Nov 17 2014

OPINION: City Council Busy with Turkey Trots and Bike Plans

The following is an article written by Piedmont High School student observer Minhong Yang. 

On Monday, November 3, 2014, the Piedmont City Council met in the City Hall Council Chambers at 7:30 sharp that evening for its semi-monthly meeting. Acting as the legislative branch of the city government, the council reviewed various proposals on issues that ranged from the street use permit for the annual Turkey Trot Race to the Pedestrian and Bicycle Master Plan, most of which welcomed the members of the public to participate in the decision making process before the votes were casted by council members.

The major issue discussed at the meeting was the consideration of the Pedestrian and Bicycle Master Plan (PBMP) as recommended by the Planning Commission. As one of Piedmont’s most comprehensive community based planning projects, PBMP’s goal is to promote safer and more convenient walking and bicycling in the city while paying special attention to the needs of school children. Since the summer of 2013, the City’s planning staffs, particularly Kate Black and Janet Chan, had been preparing this extensive plan based upon inputs received at 9 commission public hearings, 2 special sessions at community workshops, 2 online community surveys, several Piedmont Unified District Board meetings, and a number of other community outreach.

The final draft plan was introduced by Mr. Niko Letunic, the City’s transportation and planning consultant, through a detailed powerpoint presentation. According to Mr. Letunic, PBMP has received a $1.6 million fund from the Alameda County Transportation Commission. Covering a 10-year period, the plan contains a series of projects to improve conditions for pedestrians and cyclists throughout the city. Those that are the most important and promising physical improvements for improving conditions, such as bikeway network and enhanced street crossings at busy locations, are given high-priority; those that may be implemented if the city obtains additional funding, such as curb ramps and bollard lighting, are given low-priority. Most of these projects target the Civic Center, arterials, and routes to school.

Public testimony for PBMP was received from Sue Herrick, Park Commission Chair, and Nick Levinson, Recreation Commission Chair, who praised the plan for providing an excellent template for clear and consistent safety measures, as well as regulations for both pedestrians and school children with bicycles. They emphasized that the compelling concern is safety, particularly for school areas and major intersections, and voiced strong support for slowing traffic speeds. Tracey Woodruff, a resident of Piedmont, also showed strong support for PBMP, noting specifically how the road diet for Grand Avenue would help to protect school children when they cross this heavily-traveled area. Her opinion was concurred by Margaret Ovenden and Susy Struble, who also noted the need to reduce traffic congestion at school sites and the need to improve pedestrian and bike safety along areas not directly mentioned in PBMP, respectively. Finally, members of the council, including Tim Rood, Jeffrey Wieler and Robert McBain, all complimented the plan, and requested the City to work with the City of Oakland in implementing the Grand Avenue road diet, to pay more attention to sidewalk maintenance, and to work with community organizations in raising more money for improving pedestrian and bicycle pathways within the community. PBMP was then passed unanimously.

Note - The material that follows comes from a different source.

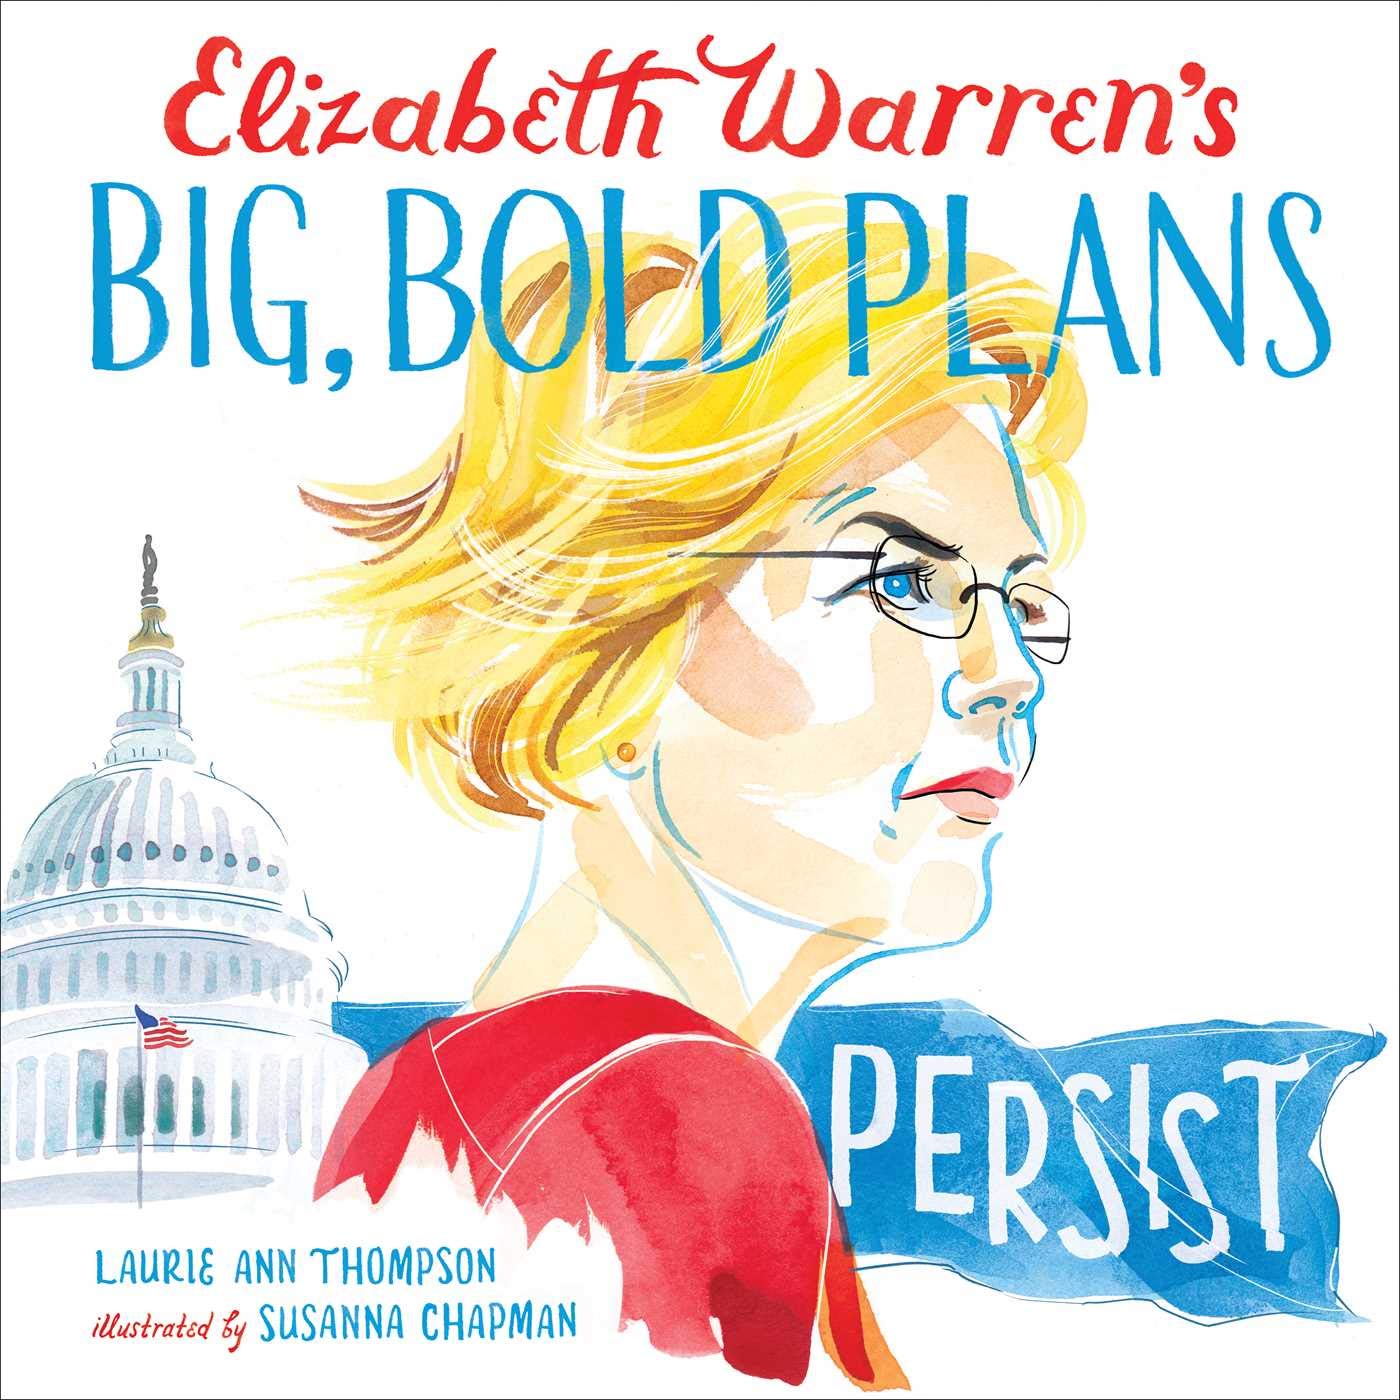 Elizabeth Warren’s Big, Bold Plans

I personally support PBMP, mostly for its overall detailed layouts and efforts to improve students’ safety around school areas. In fact, this was the topic that I spoke about during the meeting. I voiced my hope to see street guards at both the middle school and high school to ensure students’ safety as well as to reduce traffic congestion. My concern was well-received by the council members, particularly the mayor, Margaret Fujioka. I was initially a little nervous about speaking in a city council meeting, but afterwards I felt that this experience was not scary but was rather pleasant and refreshing.

In an interview with Ms. Fujioka, she said the council is currently trying to reach out to the community by making announcement during the meetings, regularly putting up posts on the city’s website, and having more articles about city projects on The Piedmont Post in order to encourage more people to participate in the projects that the city is working on. She noted PBMP as an example of great public participation, and expressed her hope to see more of it in the future.

Minhong Yang

One Response to “OPINION: City Council Busy with Turkey Trots and Bike Plans”

  1. Kudos to this student reporter for a well-written article. Do note, however, that a reporter digs for the facts behind the curtain.

    The City Council approved the TurkeyTrot race this year after the School Board announced an agreement ending a year-long fight about not receiving $30,000 profits from last year’s race. So, how was that disagreement settled? Will Piedmont’s school programs receive the $30,000 owed from last year?

    Perhaps Ms. Yang can investigate, and doing so, learn how to become an Investigative Reporter.

    P.S. The public MUST be given access to the Agreement document under the California Public Records Act.